Arousal from hibernation and the ascending arousal system

The in vivo experiments where HA was infused into the hippocampus via minipumps (Sallmen et al. 2003b) as an intervention to alter hippocampal neural activity is one of the few hibernation studies relating the hippocampus to the AAS that is not correlative in nature [see earlier reviews (Beckman and Stanton 1982; Heller 1979)]. The Sallmen et al. study and the reviews all postulate signal transmission during hibernation over a path from the hippocampus to the AAS, a system mediating waking, sleep, and coma in non-hibernating mammals first described by Moruzzi and Magoun (1949). In a recent reassessment of brainstem nuclei forming the anatomical structure of the AAS, cell-specific lesions of the brainstem parabrachial–precoeruleus complex (Fuller et al. 2011) produced the marked behavioral changes seen in the original experiments (Moruzzi and Magoun 1949). Future hibernation studies are needed to fully delineate the pathway from the hippocampus to these brainstem AAS nuclei. To date, evidence is consistent with the view that the AAS is inhibited in torpor (Harris and Milsom 2000), and one brain region that contributes to this inhibition is the hippocampus (Sallmen et al. 2003b).

Summary

This study is the first to provide graphical data showing that LTP can be generated at 35 °C in hippocampal slices from SH, WH, and HH groups (Fig. 1), consistent with a role for the hippocampus in memory formation in euthermic SH and WH groups and in animals that have aroused from hibernation.

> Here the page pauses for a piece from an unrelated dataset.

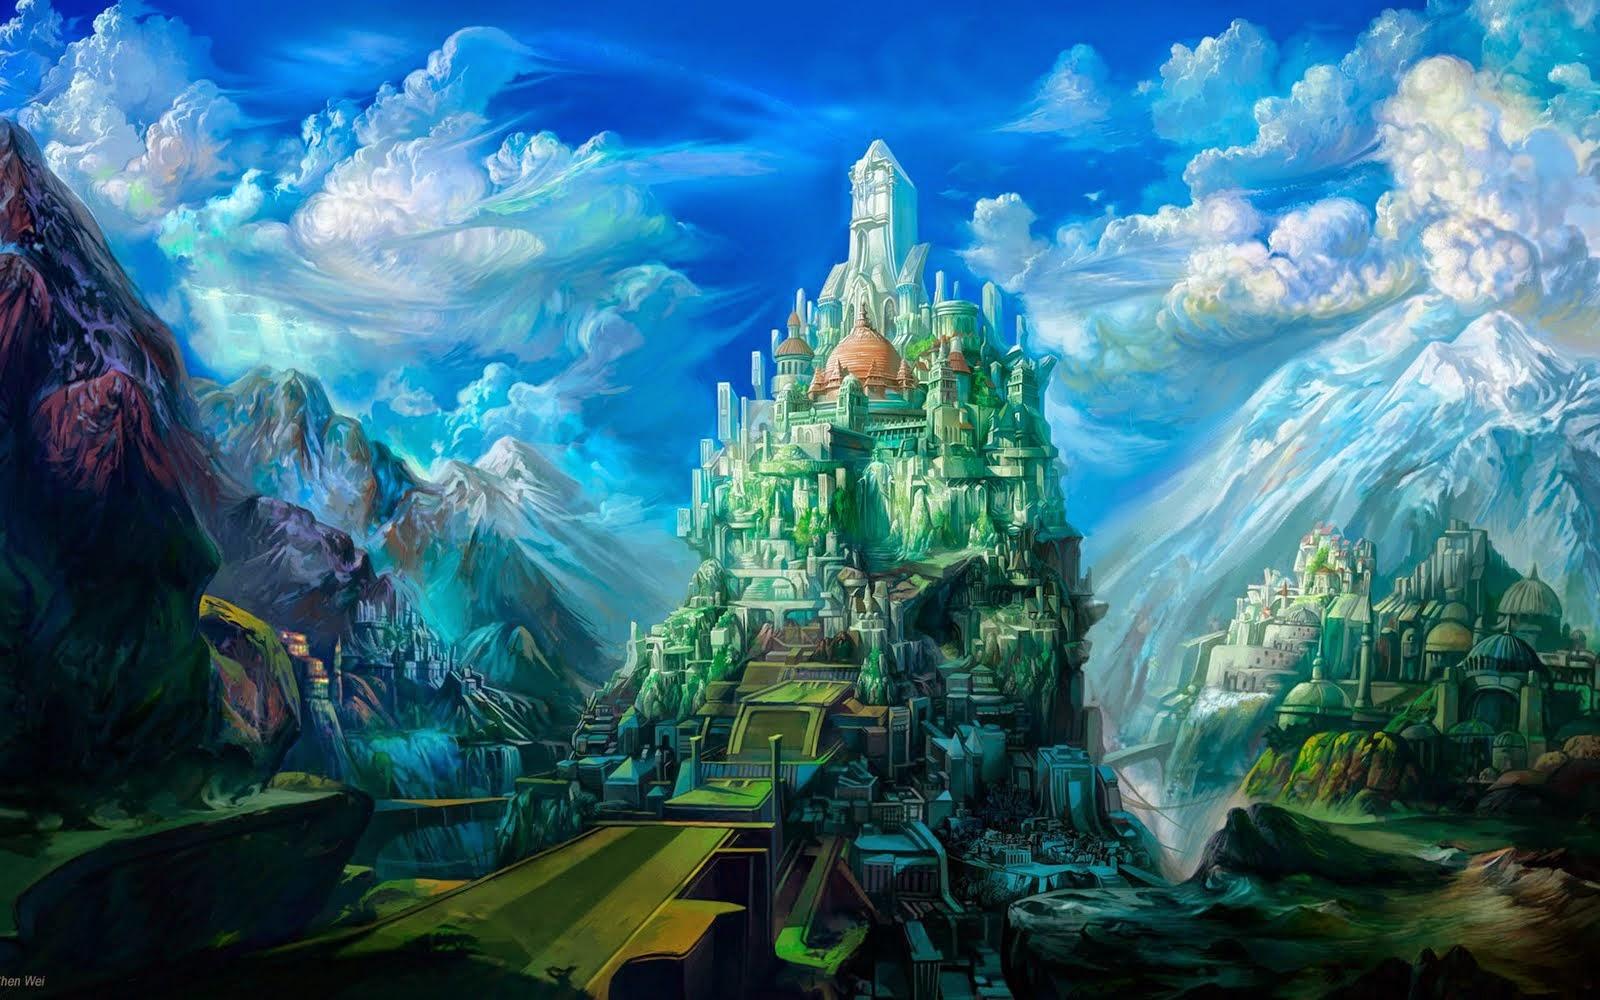 Il rifugio degli elfi paesaggi fantasy questa volta for Paesaggi fantasy immagini
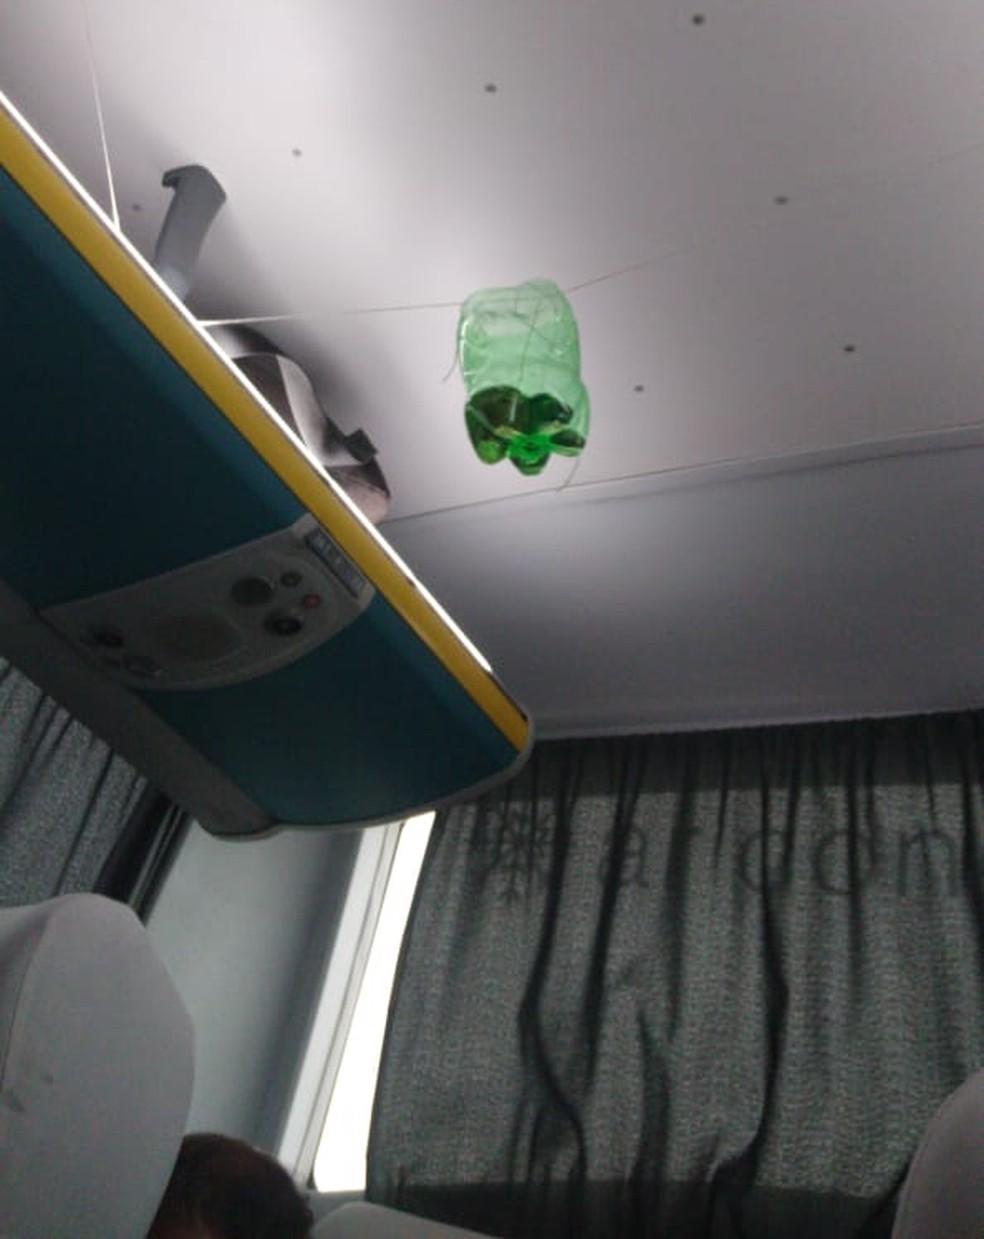 Gasolina dentro de ônibus sequestrado na Ponte Rio-Niterói — Foto: Arquivo pessoal

These findings extend previous work on SH and HH hippocampal slices over a temperature range from 18 to 30 °C (Arant et al. 2011). Taken together, the temperature dependence of LTP generation in Syrian hamsters indicates that LTP can be generated from euthermia to ~18 °C, suggesting that the role of the hippocampus in memory formation is limited to this range of brain temperatures. We also show for the first time that although LTP can no longer be generated at 15 °C, PSs can still be evoked (Fig. 2c) and HA can directly enhance CA1 pyramidal cell excitability (i.e., increased PSAs, Fig. 5) via H2 receptors (Fig. 6). These data support the view that at low brain temperatures, Syrian hamster hippocampal neurons can take on a new role—i.e., generation of inhibitory signals that suppress the AAS and prolong a hibernation bout. Overall, our data are consistent with a major temperature-dependent shift in the functional profile and behavioral role of Syrian hamster CA1 pyramidal neurons as they transition from euthermia to hibernation.